Association between unstable angina and CXCL17: a new potential biomarker
Gong Fu-han,
Xiao Xiao-qiang,
Zhang Xue-ping,
Long Li,
Huang Sheng,
Wang Xue-sheng,
Shu Zhen-lin,
Yang Yong-sheng
Affiliations
Gong Fu-han
Department of Cardiology, Tongren Municipal People’s Hospital, No.120 Taoyuan Avenue, Chuandong Education park, Bijiang District, Tongren City554300, China
Xiao Xiao-qiang
Department of Cardiology, Tongren Municipal People’s Hospital, No.120 Taoyuan Avenue, Chuandong Education park, Bijiang District, Tongren City554300, China
Zhang Xue-ping
Department of Cardiology, Tongren Municipal People’s Hospital, No.120 Taoyuan Avenue, Chuandong Education park, Bijiang District, Tongren City554300, China
Long Li
Department of Clinical Laboratory, Tongren Municipal People’s Hospital, Tongren554300, China
Huang Sheng
Department of Ophthalmology, Tongren Municipal People’s Hospital, Tongren554300, China
Wang Xue-sheng
Department of Cardiology, Tongren Municipal People’s Hospital, No.120 Taoyuan Avenue, Chuandong Education park, Bijiang District, Tongren City554300, China
Shu Zhen-lin
Department of Cardiology, Tongren Municipal People’s Hospital, No.120 Taoyuan Avenue, Chuandong Education park, Bijiang District, Tongren City554300, China
Yang Yong-sheng
Department of Cardiology, Tongren Municipal People’s Hospital, No.120 Taoyuan Avenue, Chuandong Education park, Bijiang District, Tongren City554300, China
Atherosclerosis and chemokines are strongly related, but the role of the chemokine CXCL17 in atherogenesis is still poorly understood.
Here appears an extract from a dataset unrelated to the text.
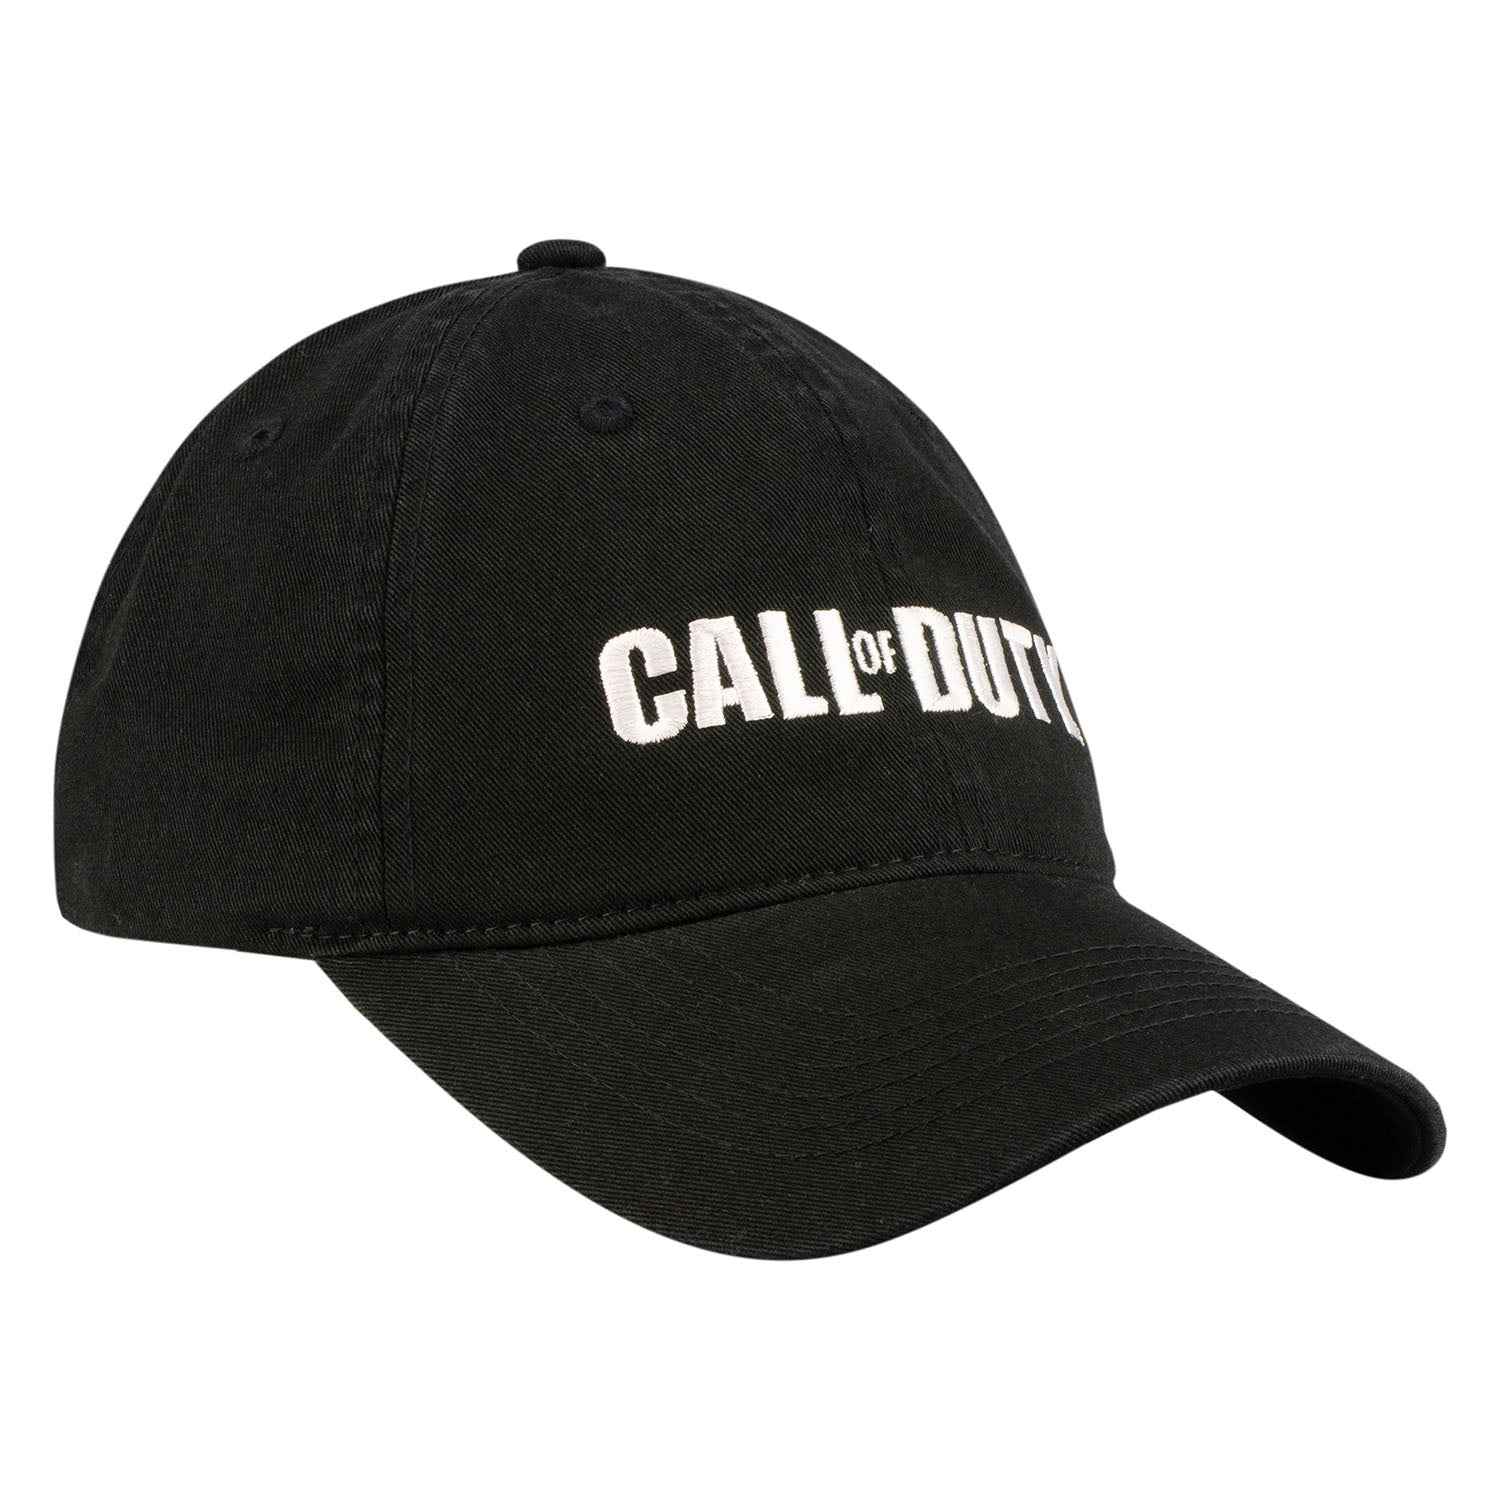 Call of Duty Black Logo Hat - Right View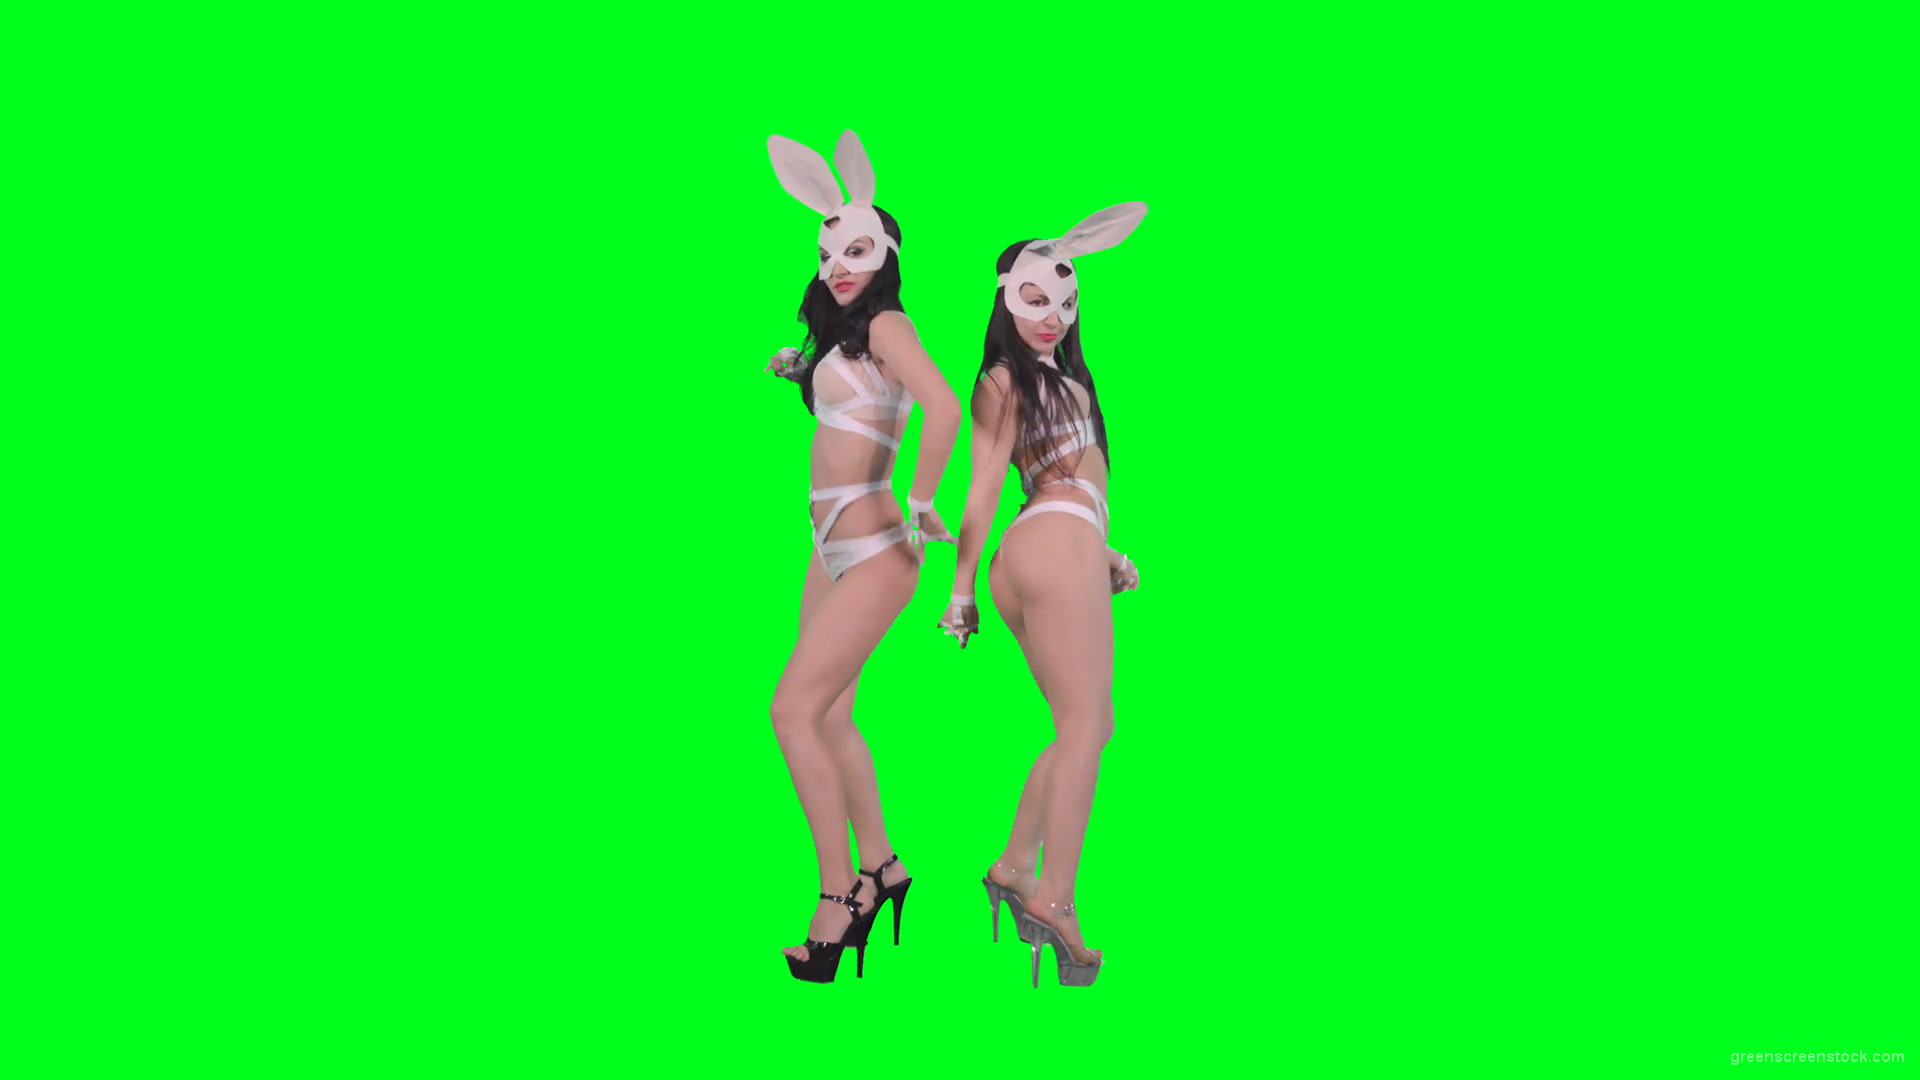 Go-Go-Dancing-female-team-duet-making-erotic-moves-on-green-screen-4K-Video-Footage-1920_006 Green Screen Stock

We aim to investigate the serum CXCL17 levels in different stages of patients with coronary heart disease and explore whether these differences contribute to atherosclerosis. In the current prospective study, we enrolled 48 patients with unstable angina (UA), 51 patients with stable angina (SA) and 41 patients for the control group (CG). All subjects were diagnosed by coronary angiography and Gensini score was used to evaluate the severity of coronary artery disease. The CXCL17 levels were determined using ELISA, while lipid metabolism indicators and high sensitivity C-reactive protein (hs-CRP) were detected by automatic biochemical analyzer. We observed that the unstable angina group had higher CXCL17 levels compared with the stable angina and the control group. The logistic regression analysis showed that CXCL17 was an independent risk factor for unstable angina. Our results showed that CXCL17 was also statistically correlated with hs-CRP, while it was irrelevant with Gensini score. CXCL17 levels were associated with activity of inflammatory response and the instability of atherosclerotic plaques. These results suggest that CXCL17 elevation may be a potential new biomarker of unstable angina.